Does TUPE affect redundancy rights?
In short: no. During a TUPE transfer, existing employee rights to a fair redundancy will not be affected.
However, this depends on whether an employee is at risk of redundancy before or after TUPE applies.
Can an employee be made redundant before a TUPE transfer?
No, an employer can’t make an employee redundant because the new employer has asked them to.
This could amount to unfair dismissal, and an employee who has been unfairly dismissed could be entitled to compensation.
A redundancy consultation might begin if more than 20 employees are deemed at risk of redundancy, if both former and new employer agrees.
However, an employee cannot be made redundant before the transfer.
Can employees be made redundant after a TUPE transfer?
There are selective circumstances in which a new employer can make redundancies following a transfer.

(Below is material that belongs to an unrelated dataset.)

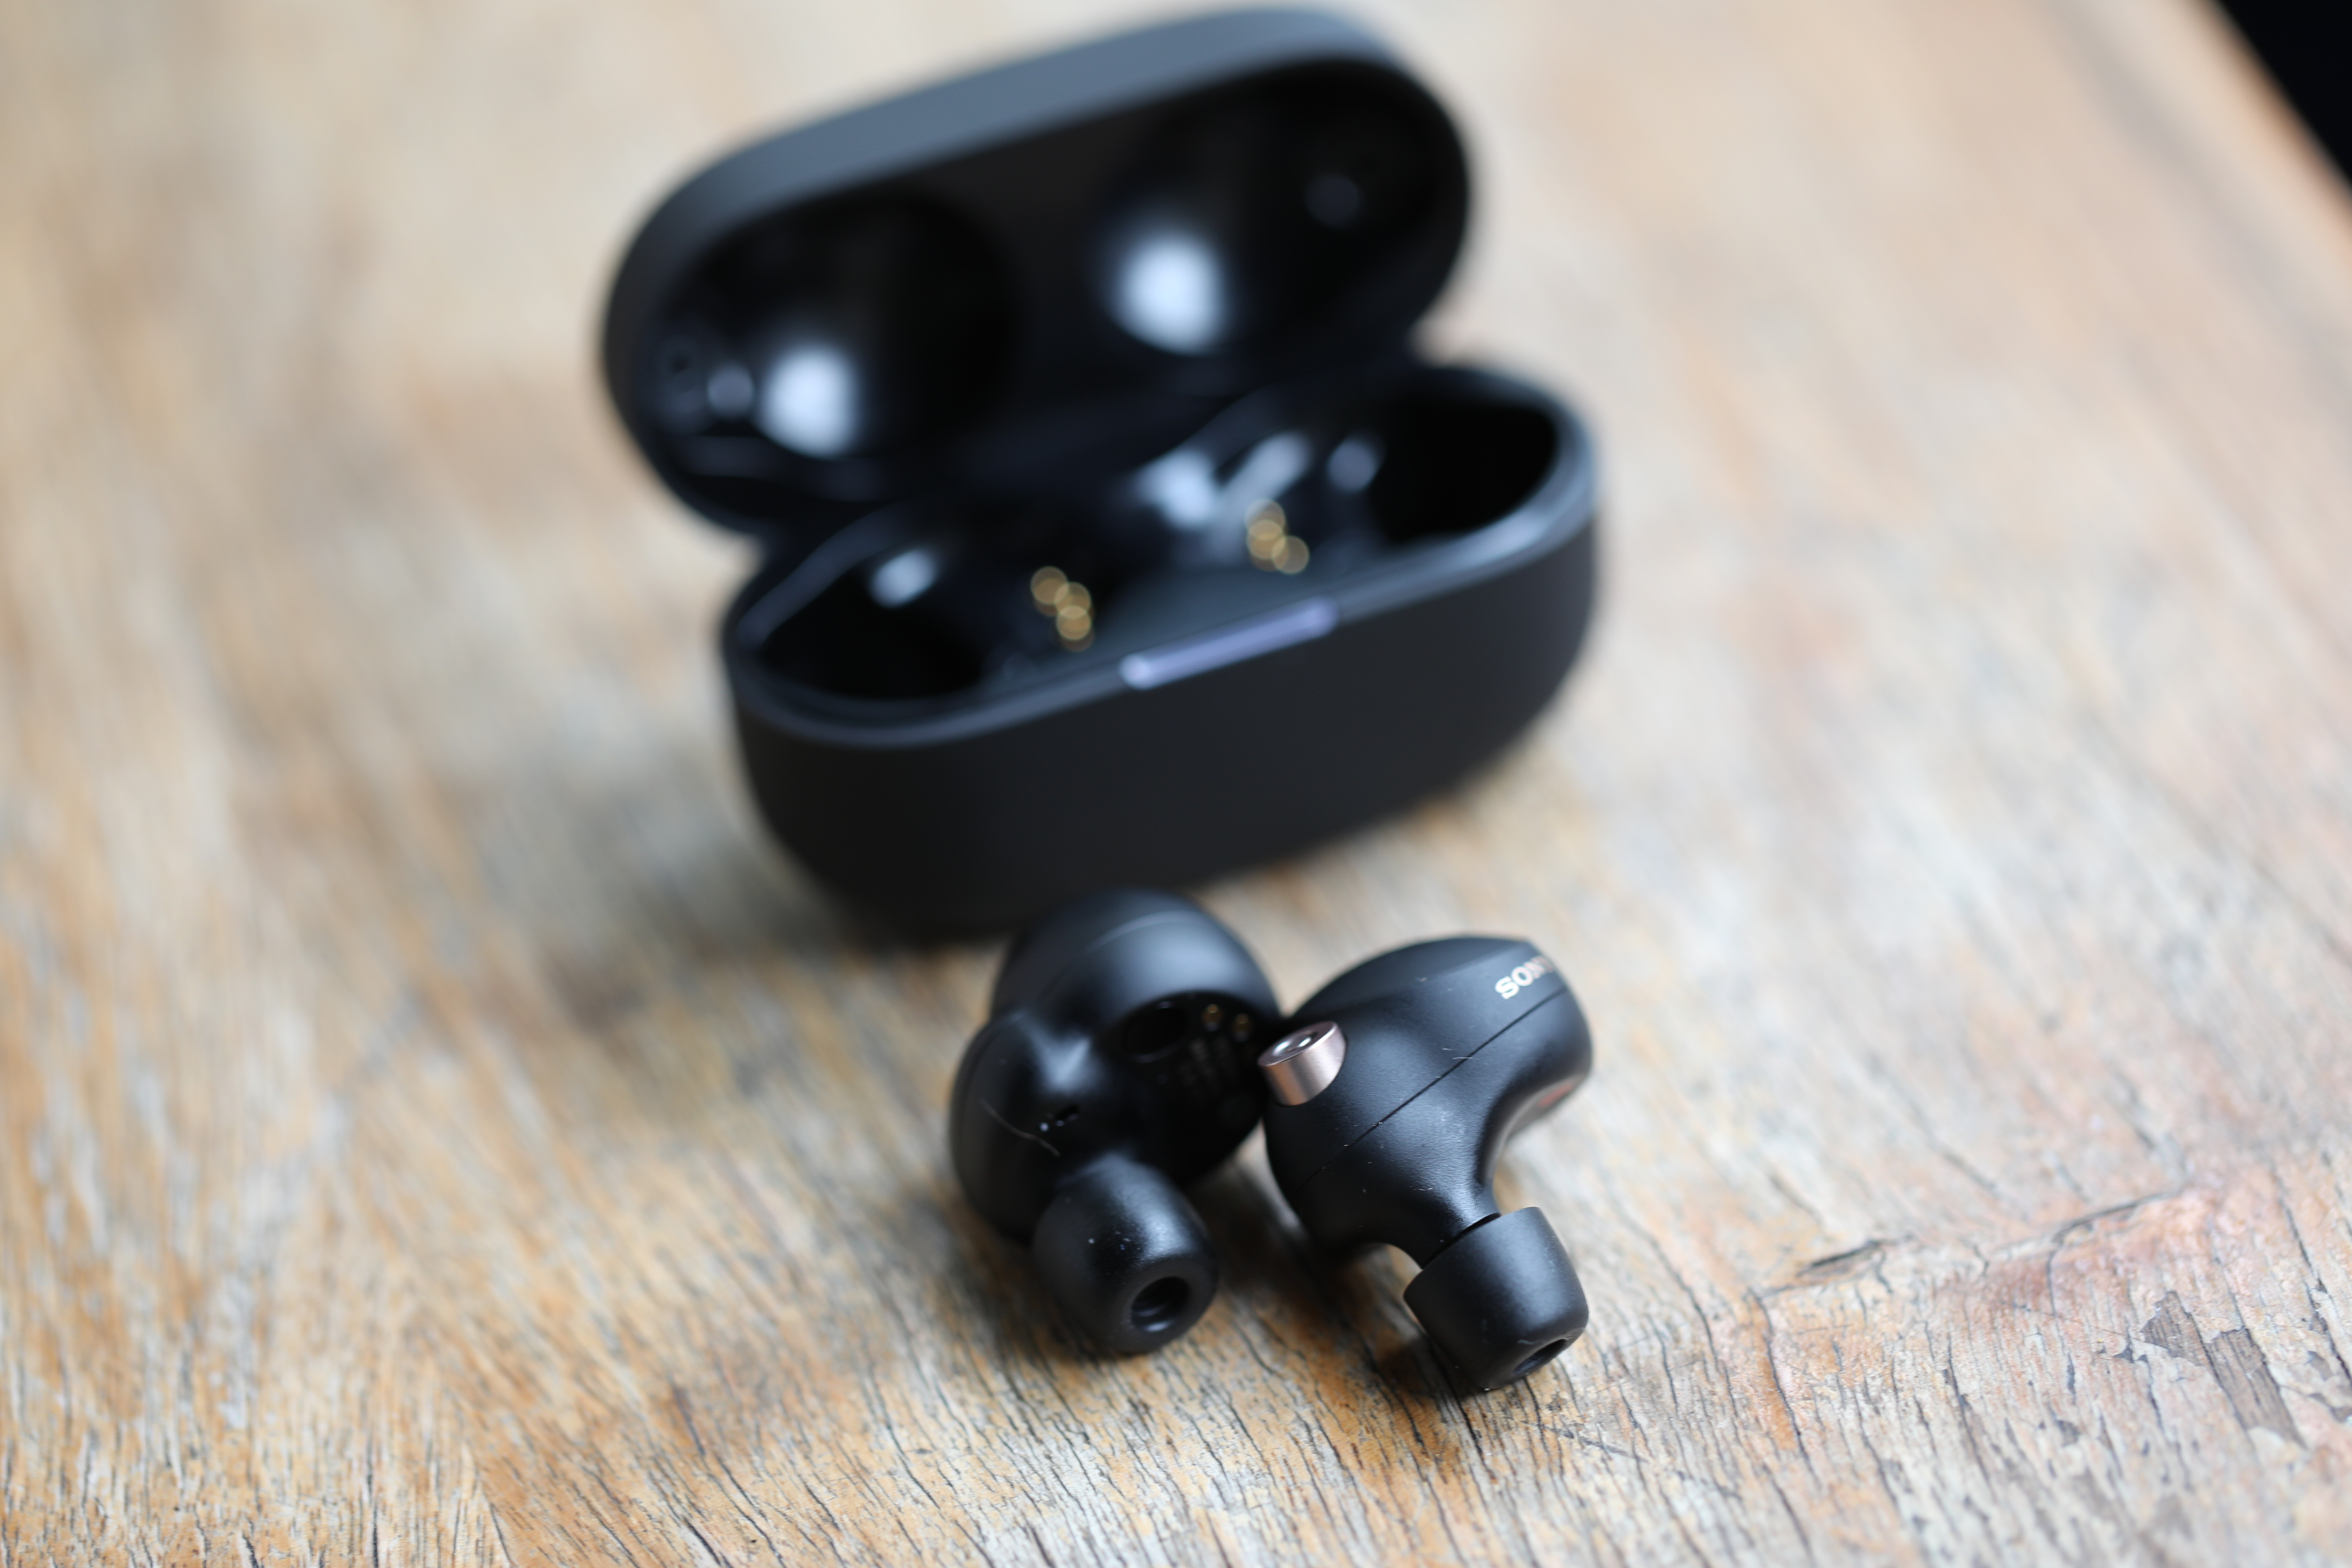 Sony sets a new standard with the WF-1000XM4 earbuds TechCrunch

If the redundancies are not related to the transfer, normal redundancy procedures apply.
However, if an employer wants to make an employee redundant following a transfer, they will need to prove two things:
1 - There is a genuine redundancy
2 - A need to make redundancy for ETO reasons
What are ETO reasons for redundancy?
ETO stands for economic, technical or organisational. So, ETO reasons could include changing the location of the workplace or reducing staff numbers.
If an employee is made redundant after a TUPE transfer, the new employer is responsible for redundancy pay. Redundancy consultation rules still apply.